The air–water interface was formed in a shallow polytetrafluoroethylene (PTFE) trough enclosed in a Tedlar bag; the bag was sealed to allow the development of the appropriate gaseous oxidising environment above the film. Film thickness and neutron scattering length density of the atmospheric aerosol film and how the film alters upon oxidation with gas-phase OH radicals was studied with neutron reflection techniques.38

2.1 Sample collection and extraction of atmospheric aerosol

Urban, remote and wood smoke atmospheric aerosol extracts as well as remote seawater samples were collected. Urban aerosol was collected ∼15 m above the ground on the campus of Royal Holloway, University of London; urban aerosol was continuously collected for over a year in ∼30 day periods. The aerosols collected from the sampling point represent aerosols likely to be found in polluted air from London. Additionally, owing to the proximity to three major motorways M25, M40 and M4 (approximately 2–7 km away) and the large international airport Heathrow (approximately 10 km away), the samples were categorised as urban. Remote aerosol and seawater samples were collected from coastal Antarctica; two Antarctica aerosol filter samples were collected at the Halley Clean Air Sector Laboratory operated by the British Antarctic Survey during the 2015 and 2016 southern hemisphere summers.66 For each sample, atmospheric aerosol was continuously sampled for approximately 60 days. A sample of Antarctic seawater was collected on a sea ice cruise ship in the Weddell Sea (Antarctica) during the southern summer of 2014. Wood smoke aerosol was collected from the chimney of a domestic wood burner; the fire was kept burning for six hours with seasoned wood (Wild Cherry), aerosol being collected continuously. For all samples, analytical blanks were collected to account for any filter contamination. To ensure there was an accurate representation of all possible contamination, the analytical blanks travelled to the sample sites under identical conditions to the filters used for aerosol collections.
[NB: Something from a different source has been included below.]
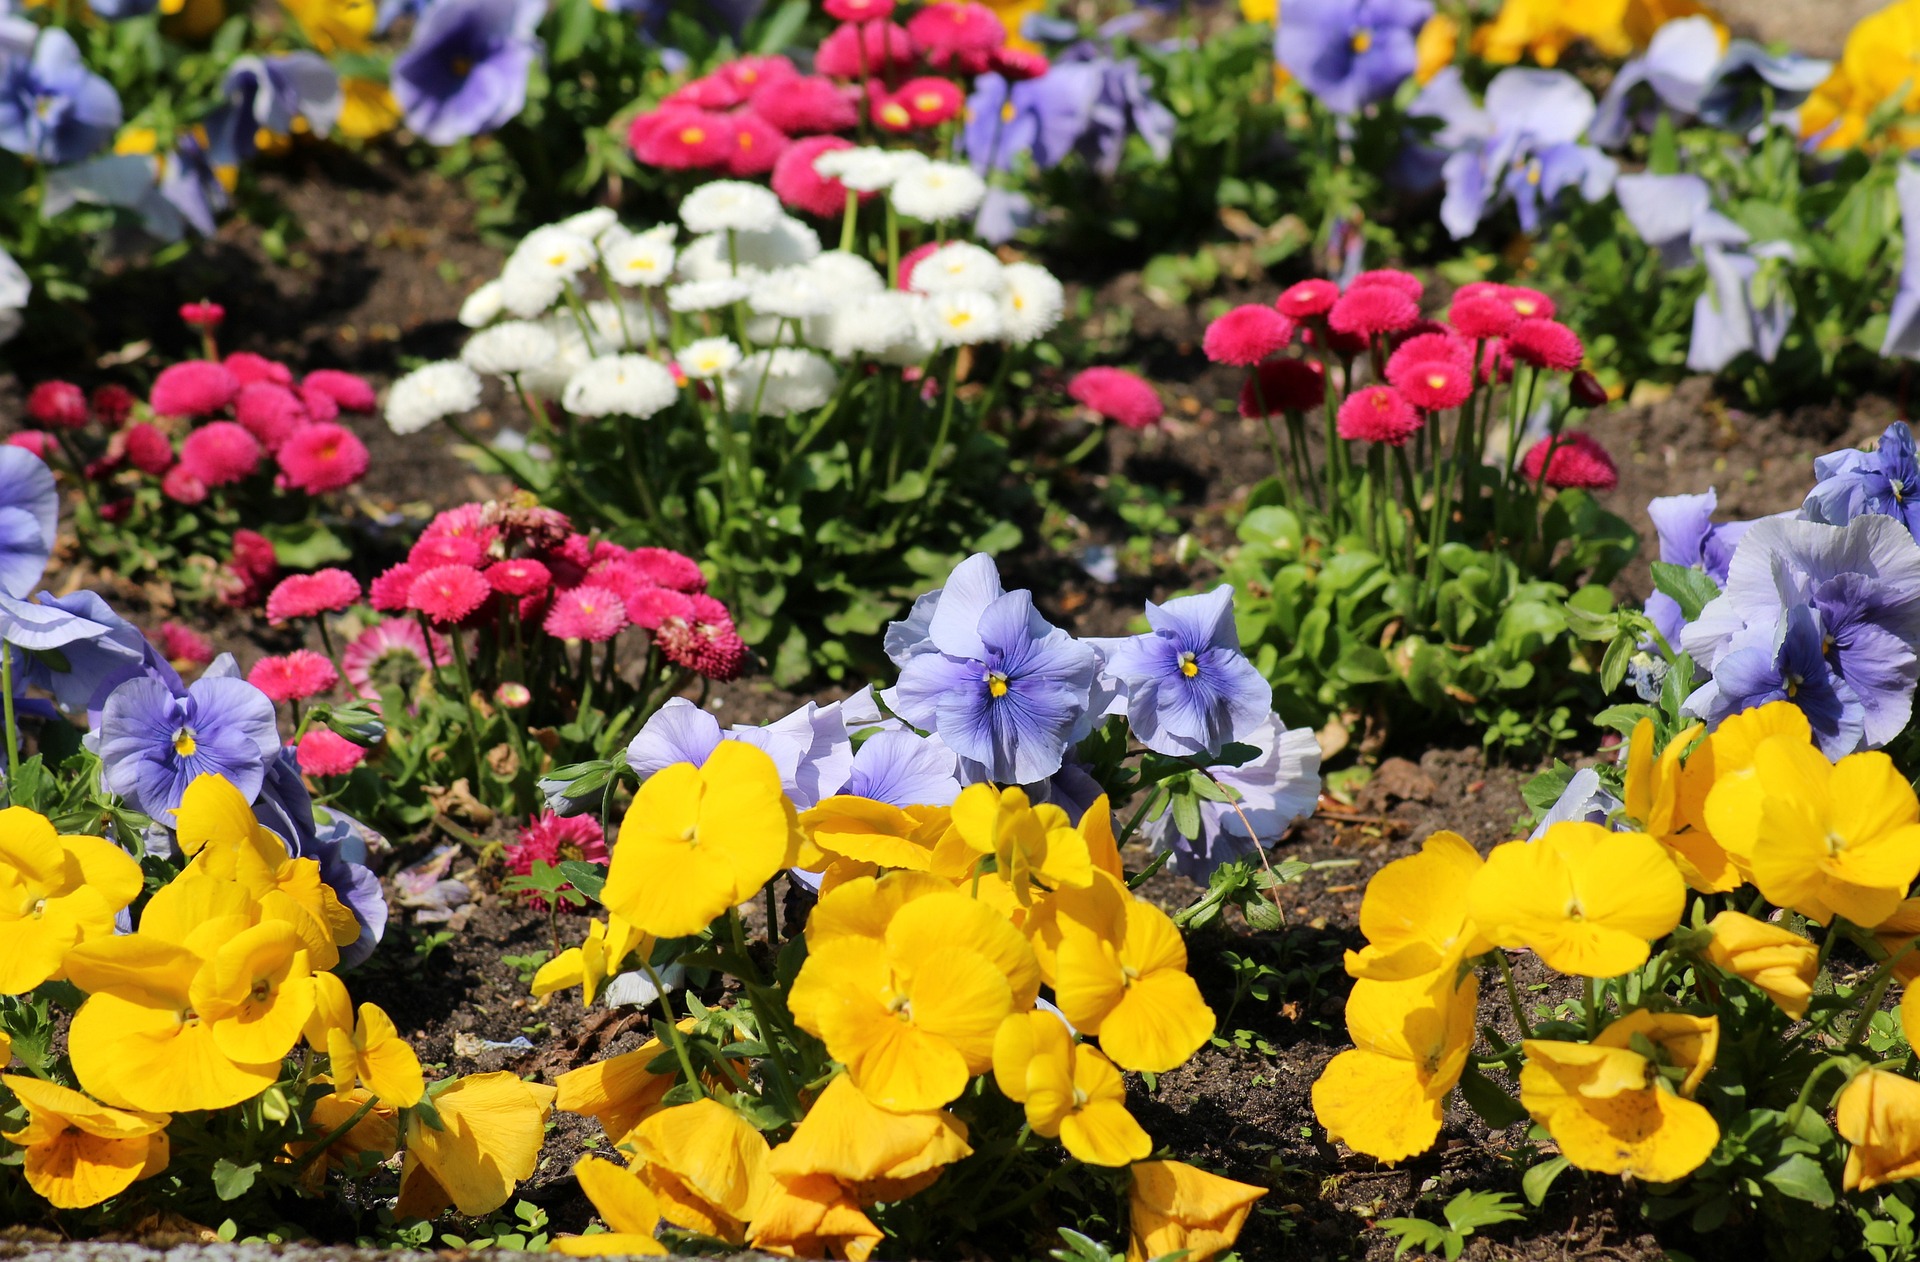 Na tym ujęciu widać przepiękną rabatę, która zachwyca intensywnością kolorów i różnorodnością kwiatów. Wśród nich można dostrzec delikatne tulipany, urocze bratki, piękne róże oraz wiele innych kolorowych kwiatów, które wspólnie tworzą niepowtarzalny i zjawiskowy krajobraz. Ta urocza rabata z pewnością przyciąga uwagę i dostarcza wiele radości dla miłośników ogrodów i kwiatów

To collect the urban atmospheric aerosol, air was pulled through short sections (10 cm × 1/4′′ OD) of clean stainless-steel pipelines into a filter holder using an air pump at a flow of 30 L min−1 at local ambient temperature and pressure and caught on pre-combusted 47 mm quartz filters (SKC) encased within perfluoroalkoxy (PFA) Savillex filter holders. To collect remote atmospheric aerosol extracts ambient air was sampled from a half metre length of quarter inch OD perfluoroalkoxy tubing onto a filter holder using a Staplex low volume air sampler (Model VM-4) at a flow rate of 20 L min−1 at local ambient temperature and pressure. A more robust filter holder was required to collect wood smoke aerosol. These samples were collected on the same type of filters, but housed in aluminium and steel filter holders machined at Royal Holloway, University of London that had the same internal dimensions as the Savillex commercial filter holder. All instrumentation used in sample collection was cleaned with ultrapure water (>18 MΩ cm) and chloroform (Sigma-Aldrich, 0.5–1% ethanol as stabilizer) multiple times and were assembled and dissembled in a clean glove bag. After collection, sample plus filter were stored in the dark at −18 °C in clean glass Petri dishes until extraction.
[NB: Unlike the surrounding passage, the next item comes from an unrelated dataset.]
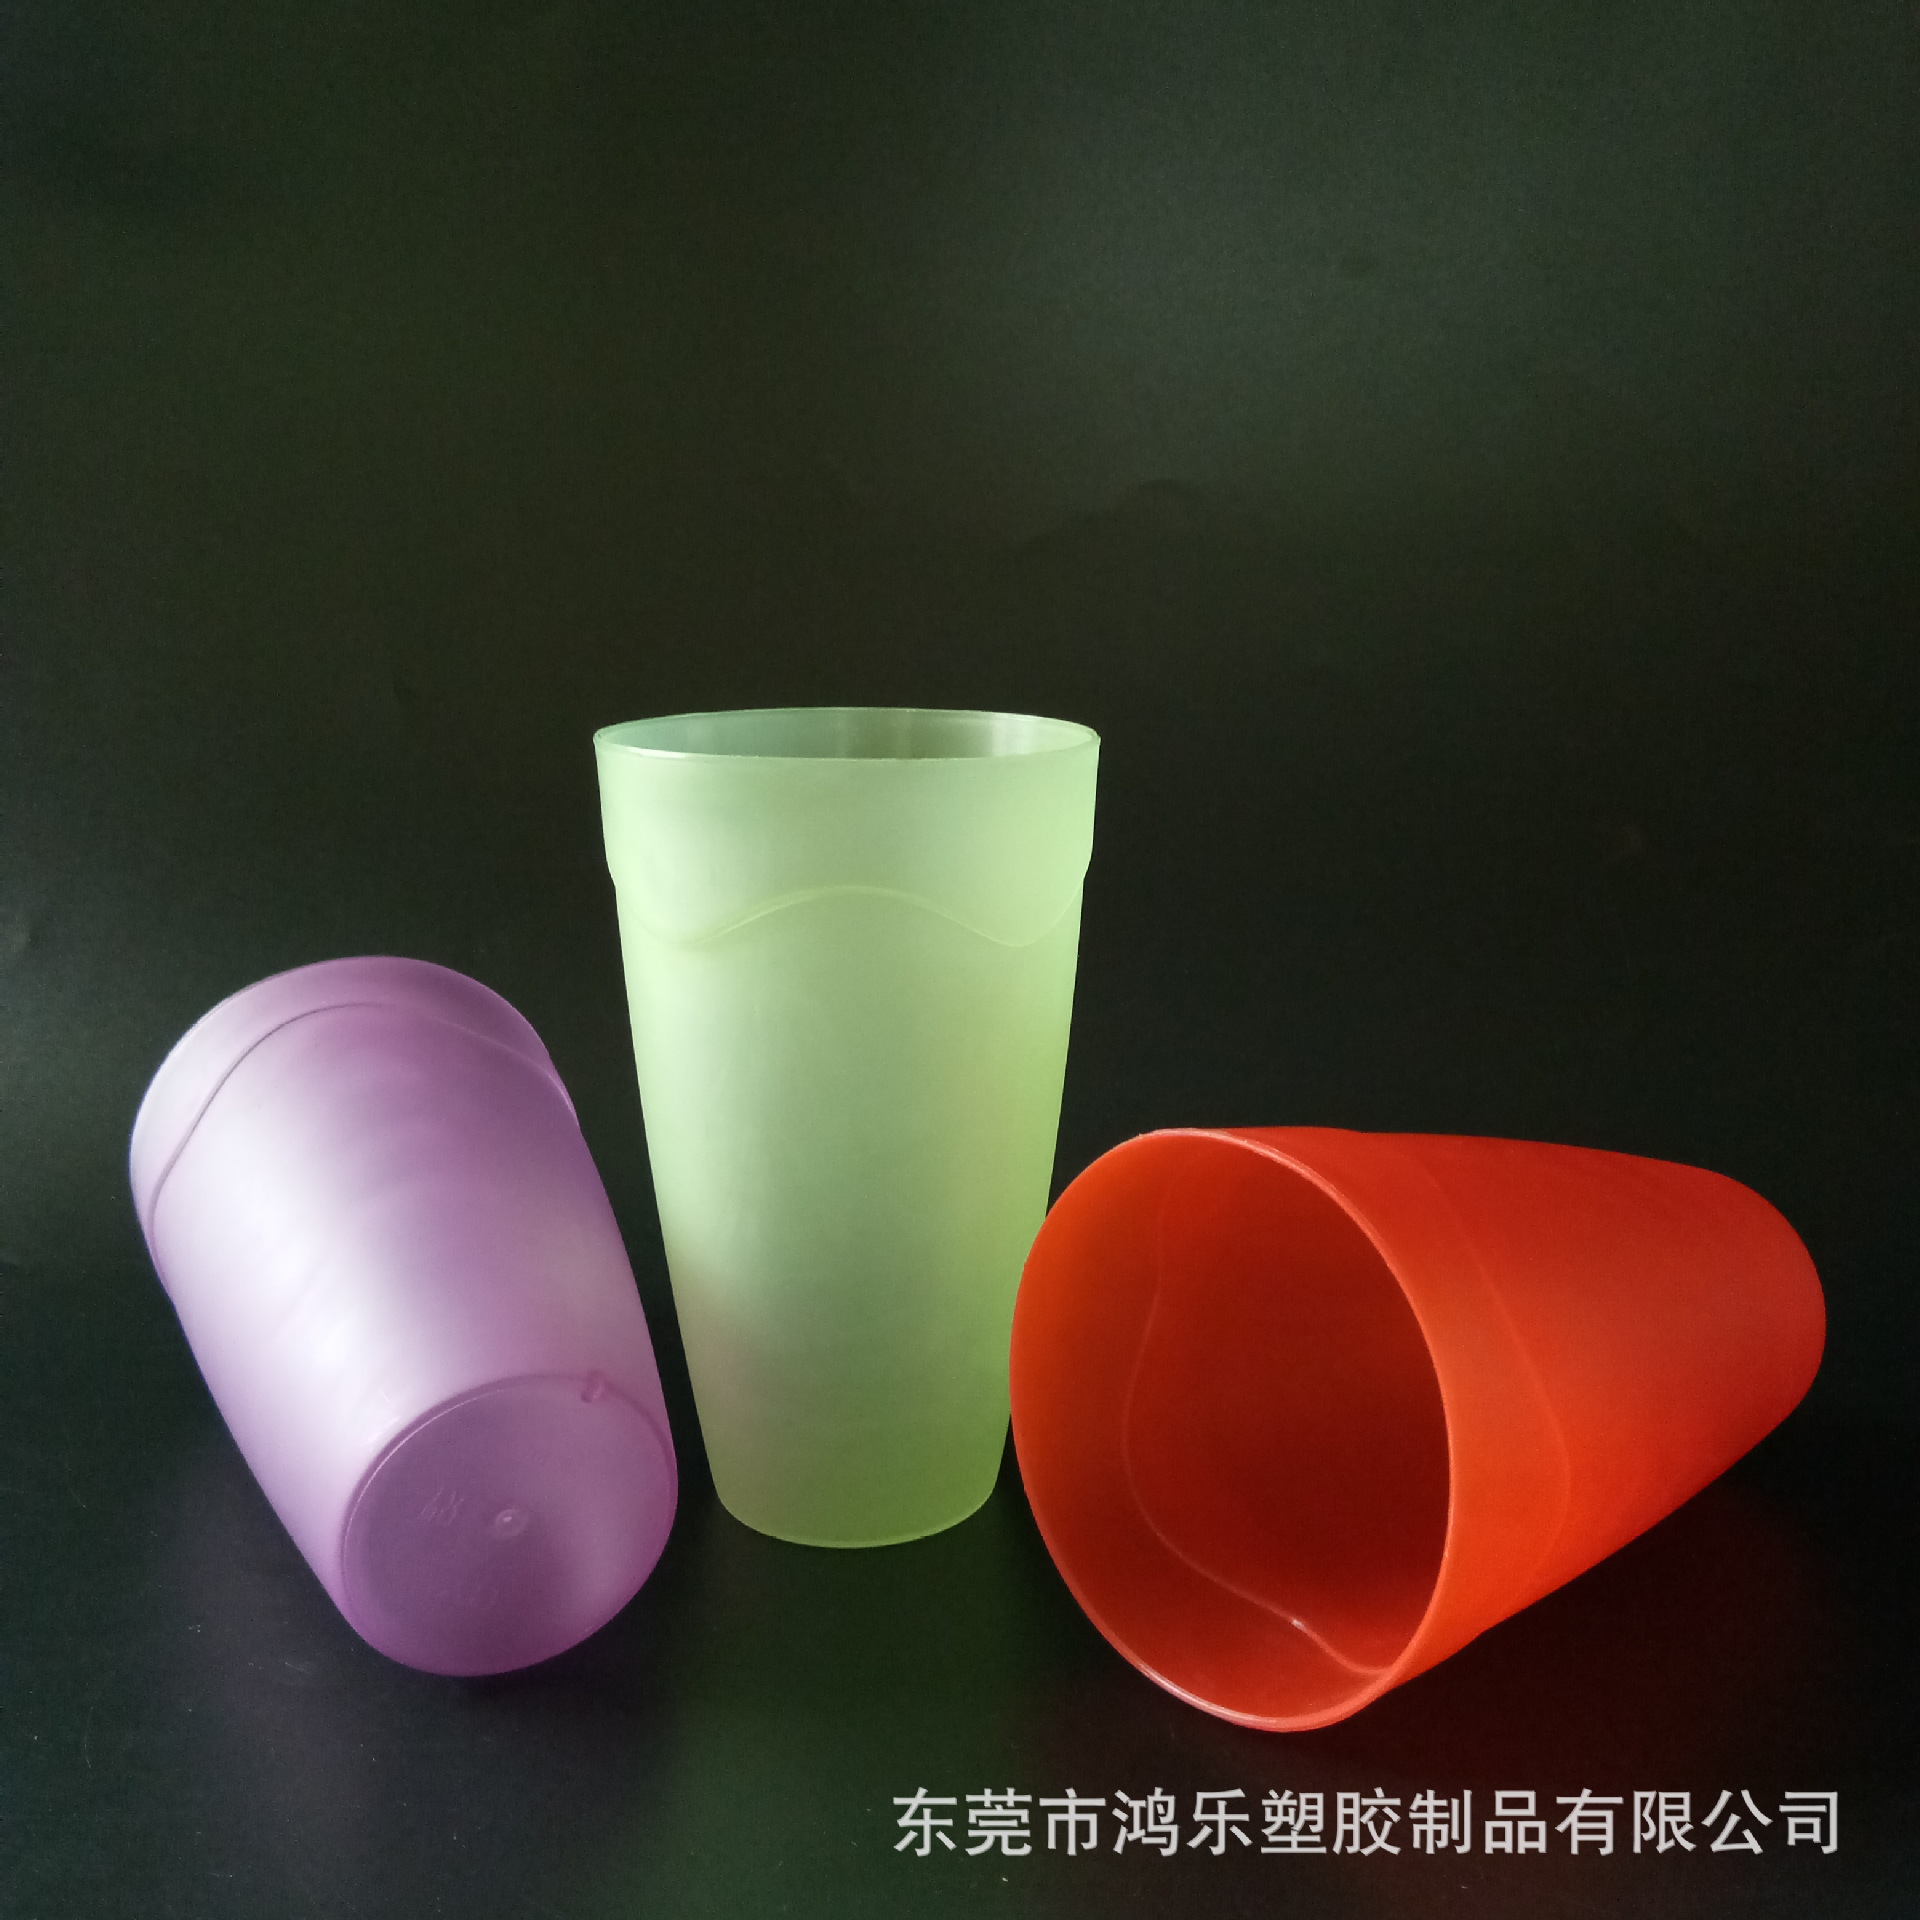 厂家定制PP彩色塑料杯450ml塑料果汁饮料杯细磨砂杯可印刷图案示例图2

To prepare the samples for use in the neutron reflection experiments, each filter was cut in half in a glove bag to avoid contamination. One half was for extraction, the other half was stored in the dark at −18 °C. The filter half was placed in a sealed glass conical flask with 10 mL of chloroform and 10 mL of water and very gently sonicated for five minutes and then filtered through a pre-combusted quartz filter (SKC) to remove the original filter paper. The chloroform fraction contained any organic material from the aerosol which could form an insoluble film at the air–water interface.67 The chloroform was separated from the water and subsequently evaporated under nitrogen leaving behind the organic atmospheric aerosol extract as a wax or oily residue, depending on the aerosol source. To the residue, 2 mL of chloroform was added. The sample was stored in amber glass bottles at −18 °C in the dark until use on the beam line. More detailed information on the extraction process can be found elsewhere.37

For the Antarctic seawater sample: approximately, 1 L of remote seawater was pumped from a water depth of ∼10 m using the ship's continuous water sampling. The water was collected in a prepared PTFE travel jar, which was subsequently sealed and frozen at −18 °C until analysis in the UK. Detritus was separated from the seawater samples by first filtering the water into a clean glass beaker. The water sample was subsequently shaken and extracted with chloroform in the method applied for atmospheric aerosol. To the resultant residue, again 2 mL of chloroform was added and the sample stored in amber glass bottles at −18 °C in the dark until use on the beam line. All glassware was cleaned with ultra-pure water and chloroform before use and all sample preparation was conducted in a clean environment and or glove bags. DSPC was purchased from Avanti Polar Lipids.

2.2 Neutron reflection

Using the neutron reflectometer INTER at ISIS Pulsed Neutron and Muon Source, Rutherford Appleton Laboratory, Oxfordshire,68 specular neutron reflectivity as a function of momentum transfer of thermal neutrons was collected to give neutron reflectivity profiles. Specular reflectivity is the ratio of intensity of the reflected neutron beam to that of the incident neutron beam onto the sample, whilst neutron momentum, Q, is defined as:39
 
image file: d2ea00013j-t1.tif(1)
where λ is the wavelength of a neutron and θ the angle of incidence (and reflection) of the neutron beam. All neutron reflection measurements were divided by a transmission data set, taken through the windows of the reaction chamber. Transmission corrected sample measurements for the incident neutron wavelength distribution and window transmission resulting in a normalised data set, which could be fitted as described below. To obtain thickness and neutron scattering length density data, neutron reflection at two angles of incidence were used: 0.8° and 2.3°, yielding a total momentum transfer range of Q = 0.015 to 0.33 Å−1. For the time resolved measurements of the oxidation reaction, the single angle 2.3° was used providing a momentum transfer range of Q = 0.03 to 0.33 Å−1. For all experiments, reflected neutrons as a function of momentum transfer were recorded for 15 minute time intervals.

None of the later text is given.